Beim Genome Mining zur Identifizierung neuartiger Biokatalysatoren werden genomische oder metagenomische Sequenzdaten genutzt, um Enzymkandidaten zu identifizieren, die eine Zielreaktion katalysieren könnten oder zu einer Ziel-Enzymfamilie gehören. Es ist besonders geeignet, wenn Sequenzdaten verfügbar sind und das Projekt in der ersten Phase eine strukturierte Kandidatenliste erfordert, statt eines breit angelegten experimentellen Screenings.

Creative Enzymes bietet Unterstützung beim Genome Mining für Enzym-Discovery-Projekte, einschließlich Datensatz-Review, Sequenzannotation, Domänen- und Motiv-Analyse, Kandidatenpriorisierung sowie Planung der nachgelagerten Expression und Aktivitätsvalidierung.

Leistungsumfang

Punkt Details
Leistungsschwerpunkt Identifizierung und Priorisierung von Biokatalysator-Kandidatensequenzen aus genomischen oder metagenomischen Daten.
Typischer Input Genomassemblies, metagenomische Contigs, vorhergesagte Proteine, MAGs, öffentliche Datensatz-Accessions oder interne Sequenzbibliotheken.
Typischer Output Annotierte Kandidatenliste, Begründung der Rangfolge, Domänen- oder Motiv-Zusammenfassung, Neuartigkeitsbewertung sowie Empfehlungen für die nachfolgende Validierung.
Am besten geeignet für Projekte mit definierter Enzymfamilie, Zielreaktion, Substratklasse oder gewünschtem Eigenschaftsprofil.
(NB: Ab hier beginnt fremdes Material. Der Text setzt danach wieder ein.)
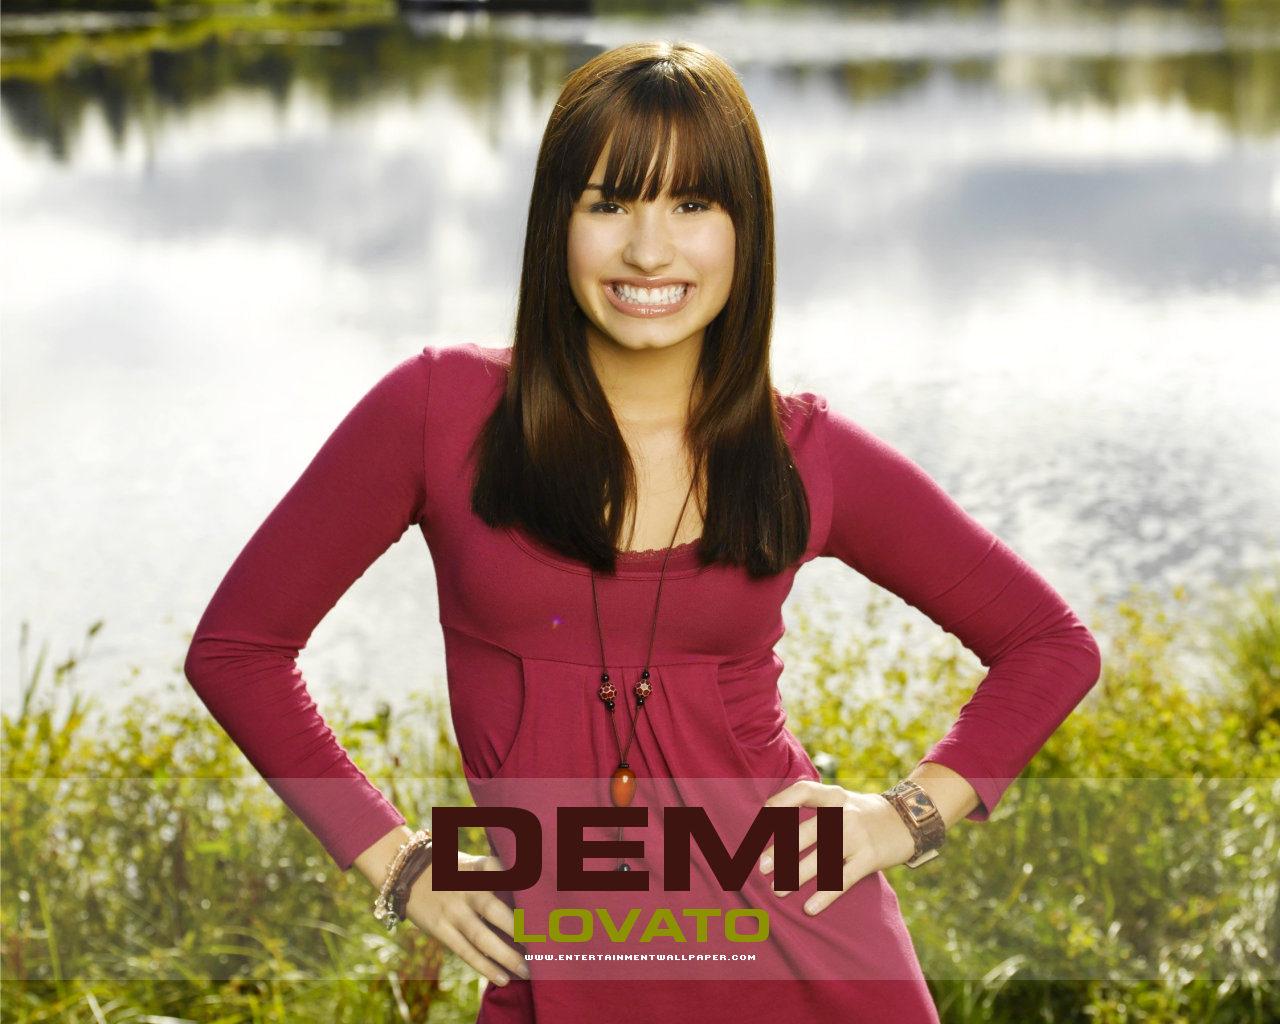 http://2.bp.blogspot.com/-S___up9h-FI/TrtWnveDn7I/AAAAAAAAAME/8bpsb_Q60Is/s1600/Demi+Lovato+Wallpaper+%25287%2529.jpg

Wann Genome Mining geeignet ist

Genome Mining ist geeignet, wenn die Zielaktivität voraussichtlich mit bekannten Proteinfamilien, konservierten katalytischen Resten, Domänenarchitekturen oder Sequenzmotiven assoziiert ist. Es kann zudem eingesetzt werden, um ein Kandidatenpanel für Expressionstests, Enzym-Engineering oder anwendungsspezifisches Screening aufzubauen.

  • Entdeckung neuer Hydrolasen, Oxidoreduktasen, Transferasen, Lyasen oder Isomerasen.
  • Kandidatenauswahl aus öffentlichen Genomen, Metagenomen oder kundeneigenen Datensätzen.
  • Erweiterung einer internen Enzymsammlung vor der Nasslabor-Validierung.
  • Vergleich von Homologen aus unterschiedlichen Quellorganismen oder Umgebungen.
  • Auswahl von Kandidaten mit Sequenz-Neuartigkeit oder vorhergesagter Toleranz gegenüber Prozessbedingungen.

Analyse-Workflow

1. Input-Review

Vor Beginn der Analyse werden Sequenzformat, Assembly-Status, Annotationsstatus, Zielfamilie und Projektziel geprüft.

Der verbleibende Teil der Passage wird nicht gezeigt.